The Golf Channel says it will use radar technology to provide exact measurements of golfers' swings and ball movements during next year's PGA Tour...


----------



## Golfbum (Oct 14, 2006)

Maybe the Golf Channel should spend some money and invest in HD broadcasting. At least for their coverage of the PGA since they own every 1st and 2nd round of every PGA event other than the Majors.


----------



## 373 (Jun 9, 2006)

Golfbum said:


> Maybe the Golf Channel should spend some money and invest in HD broadcasting. At least for their coverage of the PGA since they own every 1st and 2nd round of every PGA event other than the Majors.


True... I have to admit, my opinion of the Golf Channel seems to ebb and flow. For the recent brief break in PGA Tour action, we have found ourselves watching the Golf Channel a whole lot less. For some reason, while I used to like the Big Break show immensly, the one out in the desert didn't interest me at all. My wife says I need to have pretty girls competing to make me pay attention... maybe she's right.

Now that the Tour has started again, I'll look forward to going home today, (it's a Thursday), and flipping on the tube to see who shot what in the first round.

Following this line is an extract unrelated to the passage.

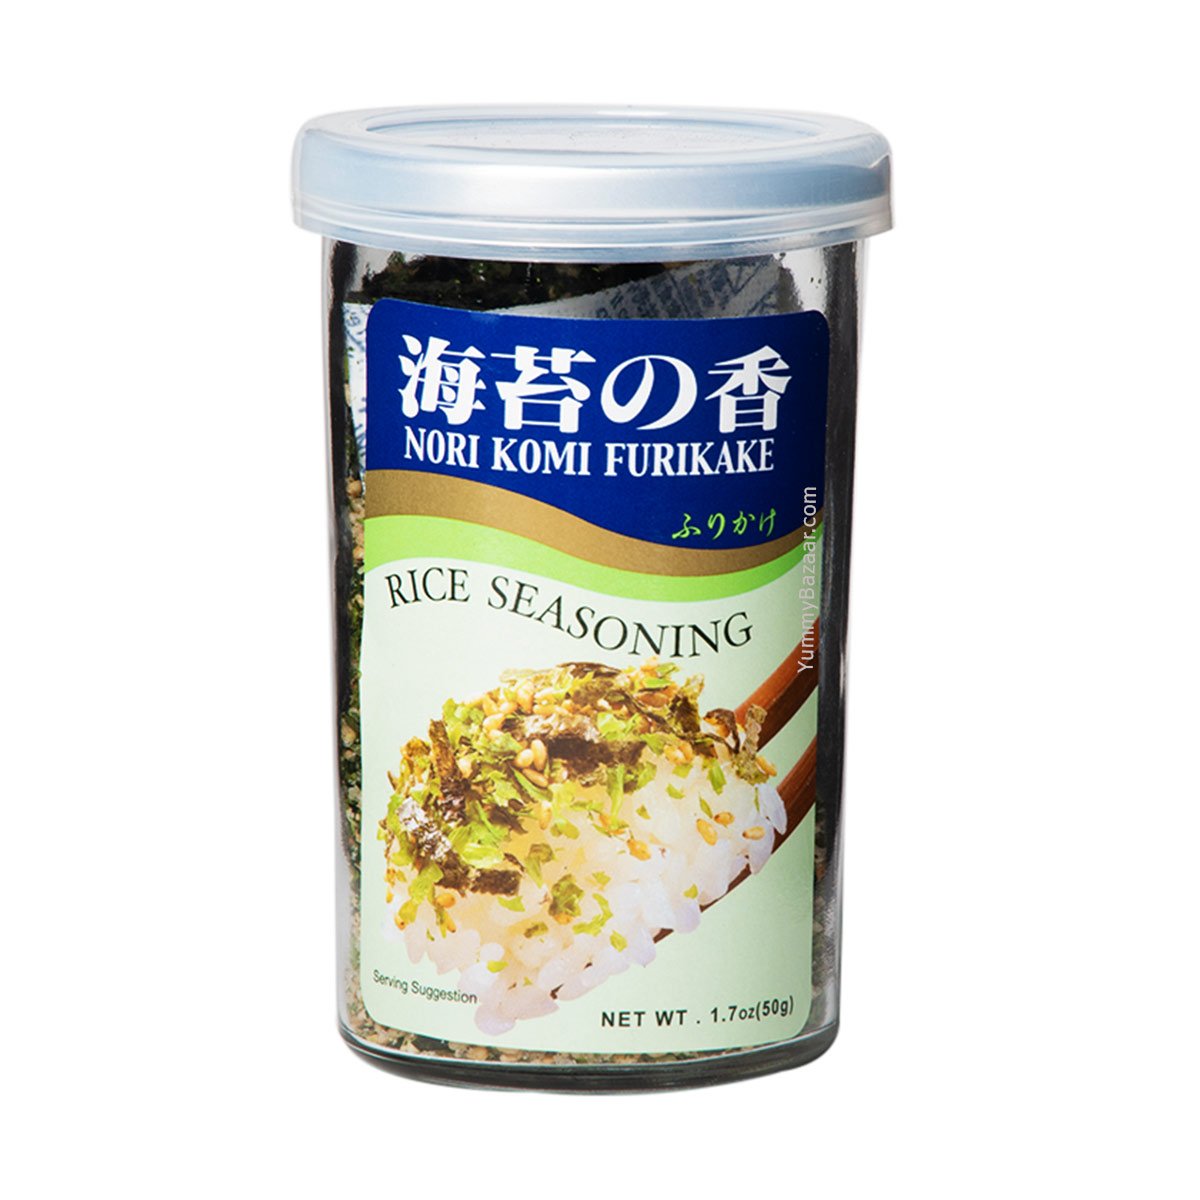 Japanese Furikake Rice Seasoning Nori Komi by Ajishima, 1.7 oz (50 g)
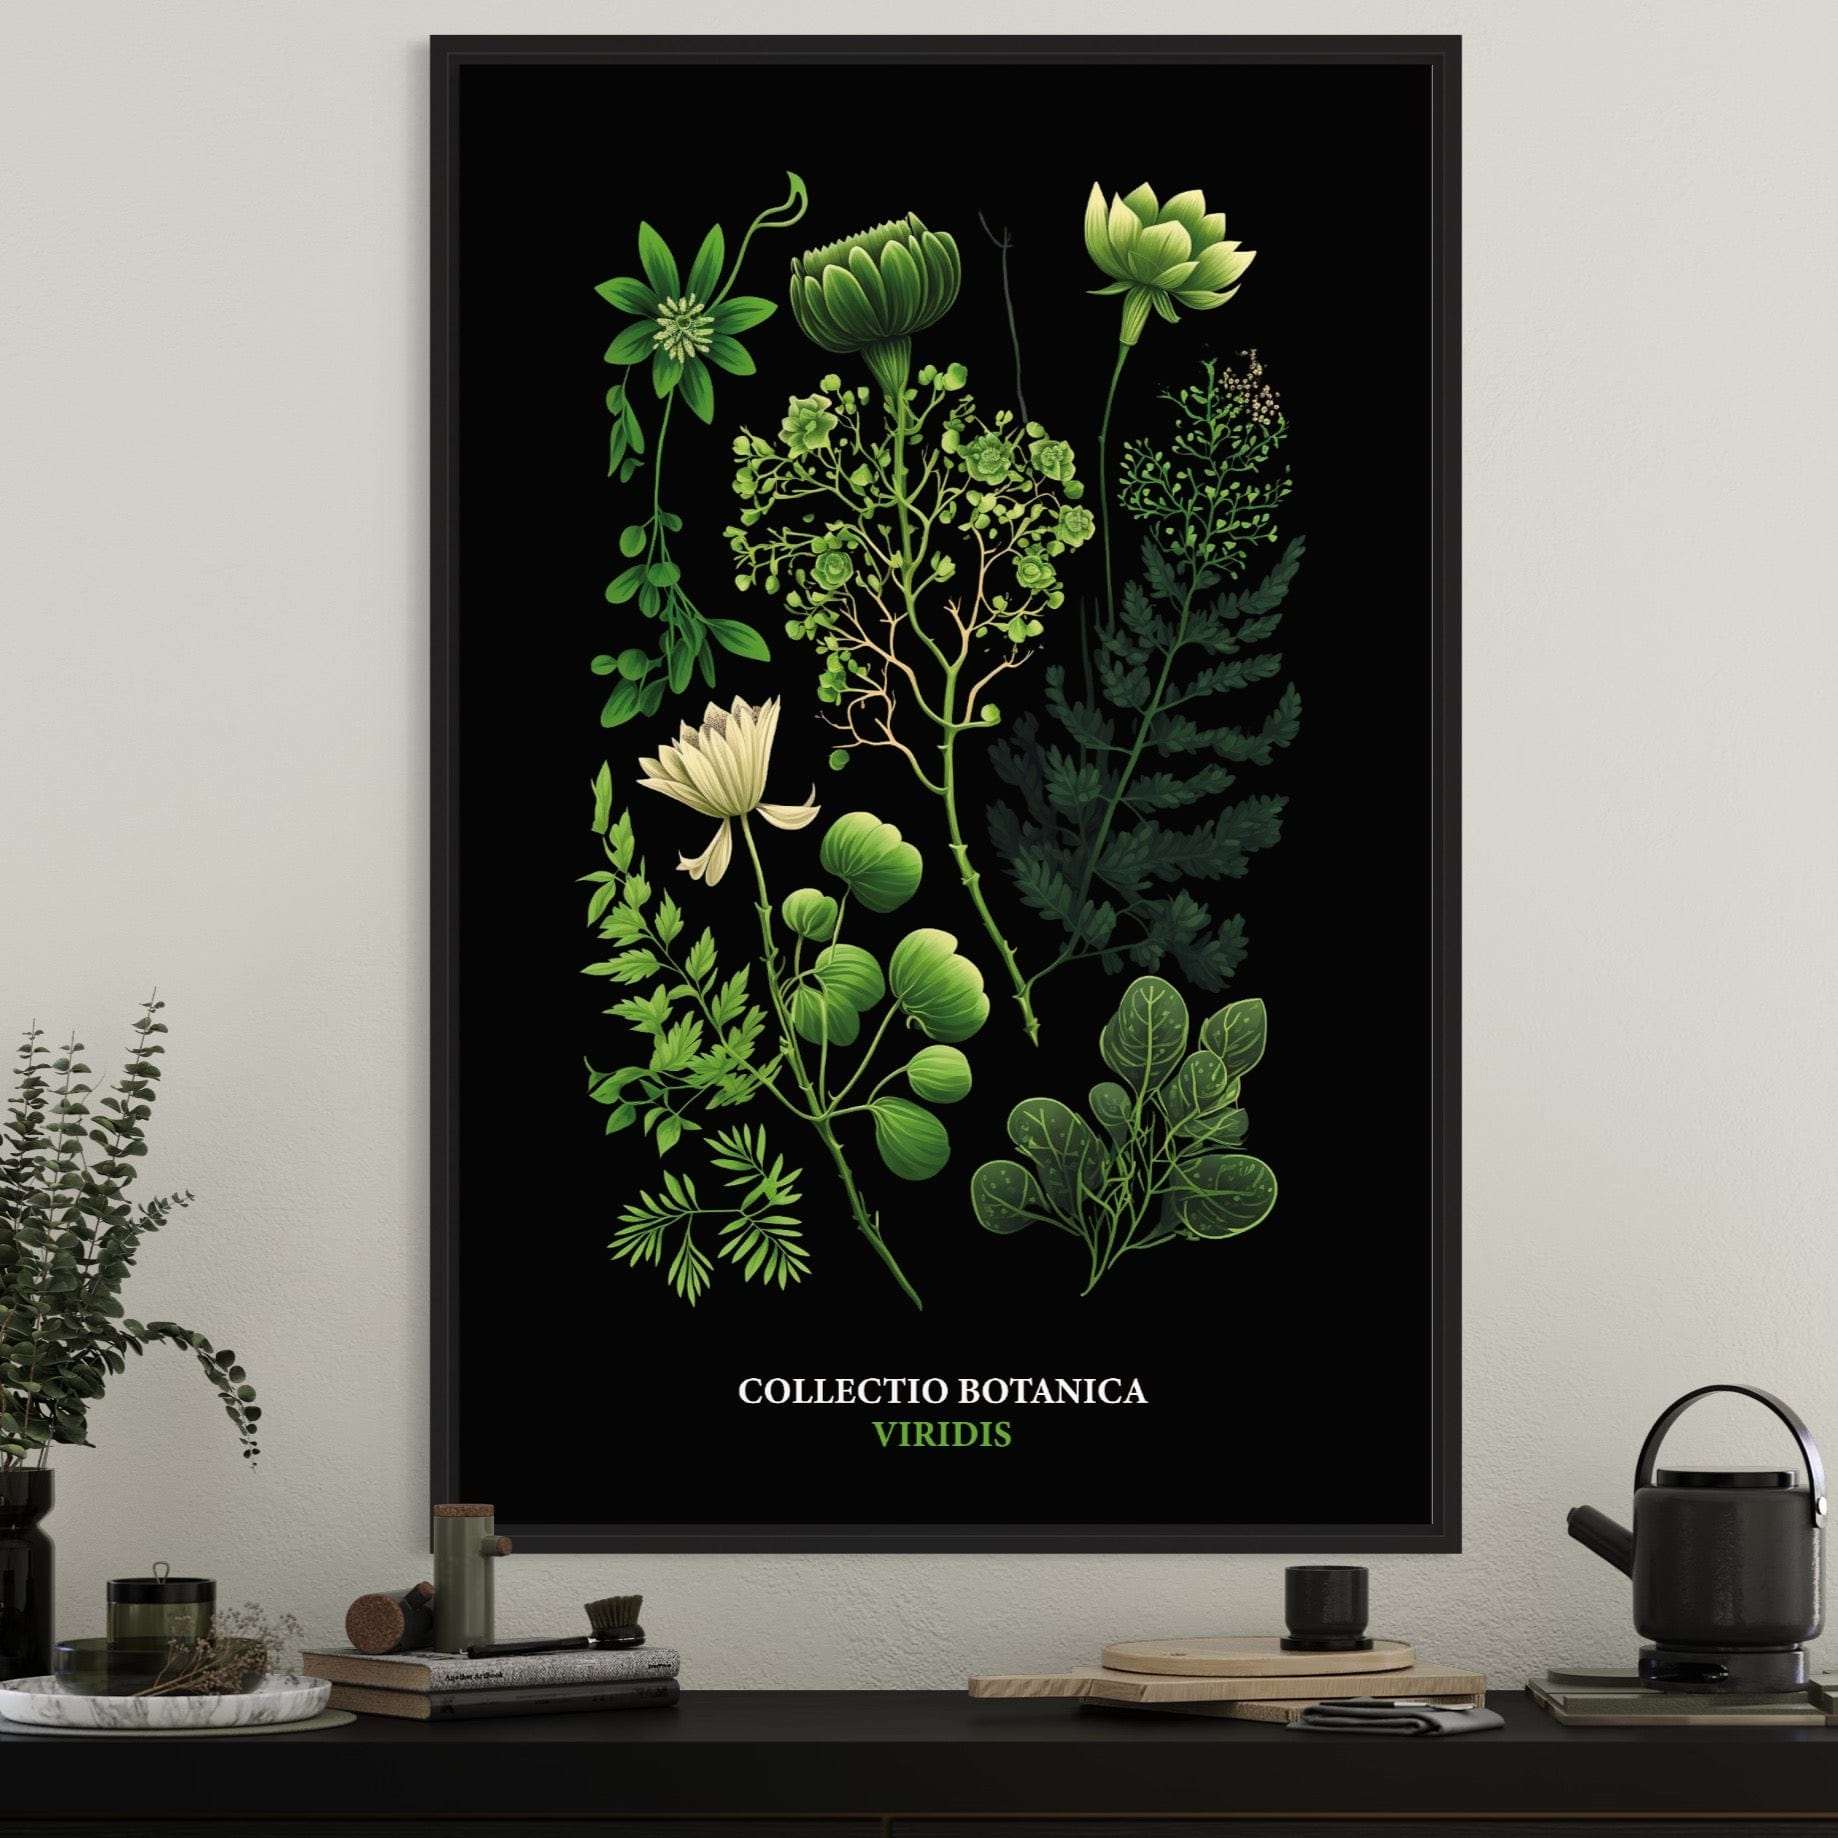 "Collectio Botanica" – Elegante Botanische Kunstprints Prints & Art Dreizack oesterreich handgemachte geschenke in wien

Listening to Andrew Magee and the other guy with all the stats, (name escapes me now), will be a lot more fun with tournaments going on.

To even get the Golf Channel, our satellite company makes you buy the highest priced package. (Boy, they knew I was a sucker when they saw me coming) One of these days, I'll decide it isn't worth it, but until then, Stina Steinberg is still so cute I have officially dubbed her, "My Future Ex-Wife"...


----------



## penny cooper (Apr 9, 2012)

Hey do you guys still watch "the big break"? This time they have big name like Zakiya as one of the top 12 finalists.. Hope the star continues her habit of winning here too!


----------